On Tue, Apr 25, 2023 at 1:10 PM Tomek CEDRO <to...@cedro.info> wrote:

> On Tue, Apr 25, 2023 at 5:47 PM Brennan Ashton wrote:
> > On Tue, Apr 25, 2023, 3:18 PM Gregory Nutt wrote:
> > > My experience with using Deoxygen on large, projects has been
> > > disastrous.  People don't always maintain the tags to the documentation
> > > was wrong and so the auto-generated  documentation was not
> > > trust-worthy.  So you always end up looking at the code anyway.  There
> > > is nothing in the auto-generated code that is not in the the files so
> > > there is no real value added (there would be if you could trust it).
> > >
> > > Also, minor errors in the tags cause a lot of CI failures.  A couple
> per
> > > week.
> > >
> > > I suppose if documentation tags were added to all files and were all of
> > > the highest quality, it would be a good thing.   That that would be an
> > > enormous job and ongoing maintained of the documentation tags would be
> a
> > > problem:  Most people won't change them or put in useless, low value
> > > tags.  Much like PR comments. Or comments and documentation in general.
> > >
> > > If we could do it right, then +1 with a significant commitment of time
> > > and effort.  If we would do only a half-assed job, then -1.
> >
> > I _very_ much agree. I have very rarely found doxygen to be useful and
> > usually just results in unhelpful boilerplate to make the tool happy and
> > generates some html that no one will ever look at again.   It is usually
> > much better when someone spends the time to actually document the
> > interfaces and the why behind them (like man pages) we already have a
> > section in the docs for interfaces and it would be great as people extend
> > and adapt them to continue keeping these up to date.
>
> Okay, Doxygen is the past.. currently Sphinx is the way to go, no
> doubts, just an (not really convenient) example to keep doc in sync
> with src and that can be quite PITA :-)
>
>
> After some consideration a "safer" approach may be more desirable for now:
>
> 1. Migrate all documentation to a separate Documentation/ as it is
> currently done, so we do not lose any content from
> MediaWiki/README/CWIKI, we can add additional content that we need,
> the documentation form is shaped to a satisfactory state, automation
> is verified, nice references, tables of contents, sections, etc.
> People will have solid documentation all the time and we cause no mess
> and we can see how the work on doc goes in reality :-)
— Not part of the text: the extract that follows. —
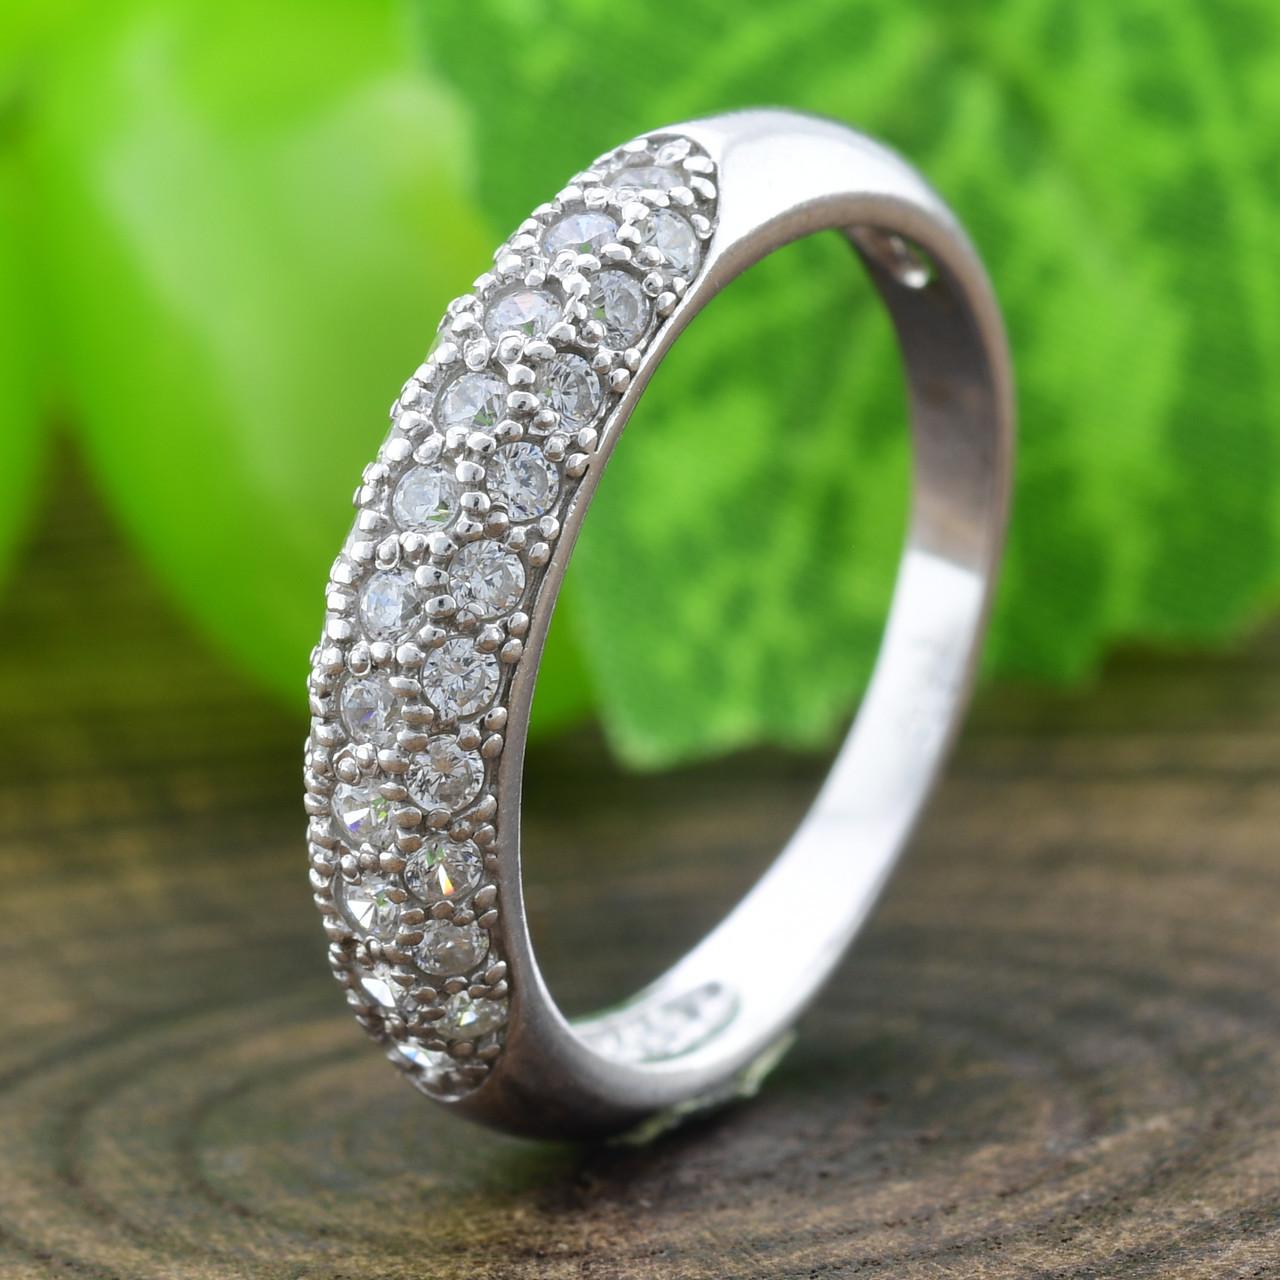 Серебряное кольцо Узкий шик вставка белые фианиты вес 2.4 г размер 15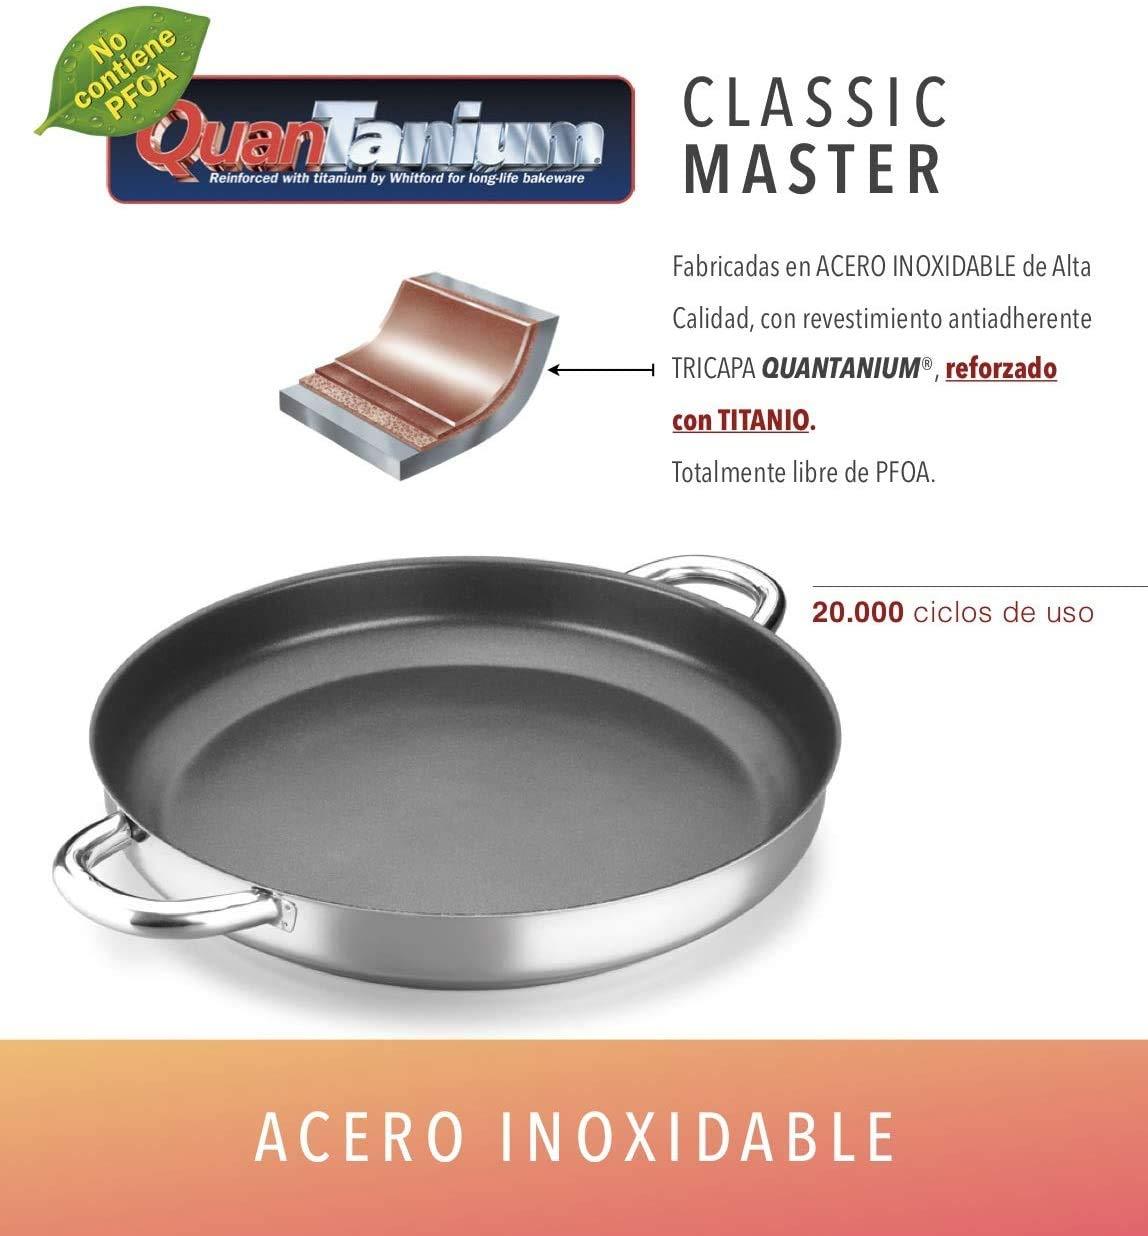 PAELLERA ALZA CLASSIC MASTER. PAELLERA fabricada en acero inoxidable 18/10, antiadherente triple capa, apta para todo tipo de cocina, INDUCCIÓN. Fácil Limpieza. Apto para lavavajillas. 30cm: Amazon.es: Hogar

Suggestion: The "separate" Documentation could be simply an "Unfinished" or
"WorkInProgress" subdirectory inside Documentation. Just dump everything in
there as quickly as possible and then gradually fixup and move sections to
the right places.

And then this:

2. When we have a well shaped "separate" documentation then it may be
> the time to consider merging it with the source code, but not before,
> if desired at all?


doesn't require moving things from some other system into git. It will just
become a rename within the repo.

What do you think?


I like the idea of keeping documentation in sync with the code(as much as
possible given our volunteer-based project).

The biggest pro for keeping doc within src is to stay in sync, maybe
> to also have self documented source code. But there are also dangers
> here, like messing up the whole unfinished doc and the source code!!
> It would be wise to list all pros and cons and then after some time
> make some decisions but not necessarily right now.. :-)


At the very least, documentation will be included in our release artifacts,
so people will have docs "offline" when they download releases. I think
that's a good thing.

Pros:
> 1. It would be more coherent to keep doc inside src files and this
> will result in better doc-in-sync-with-src.
> 2. Source code will have documentation "inside".
> 3. Sphinx has a better syntax than Doxygen so less ci / format / tag
> errors may occur.
> 4. Working examples are available as reference point
> (https://github.com/kivy/kivy/tree/master/doc,
> https://github.com/kivy/kivy/blob/master/kivy/config.py).
>
>
> Cons:
> 2. It can (and probably will) mess up current doc _and_ src!!
> 2. Separation of documentation from the source code will enable easy
> switch to other documentation system rather than rewrite of all source
> code.
> 3. This is even more work than migrating docs from wiki.
> 4. This will make source files bigger (any impact on
> (pre)process/build time or something?).
> 5. The "separate" documentation is already out there just needs
> reformatting (wiki -> rst).
>
>
> > Additionally from this discussion I have opened two tickets from this
> > thread.
> >
> > * Generate and publish the PDF alongside the html docs
> > https://github.com/apache/nuttx/issues/9095
> > * A tracking ticket to unify more of the docs.
> > https://github.com/apache/nuttx/issues/9094
> >
> > I will start in on both once I return from holiday and have time in front
> > of a real computer again.
>
> I am in, already subscribed! Full work power should arise around
> July.. I will send some testing PR in the meantime.  Thanks!! :-)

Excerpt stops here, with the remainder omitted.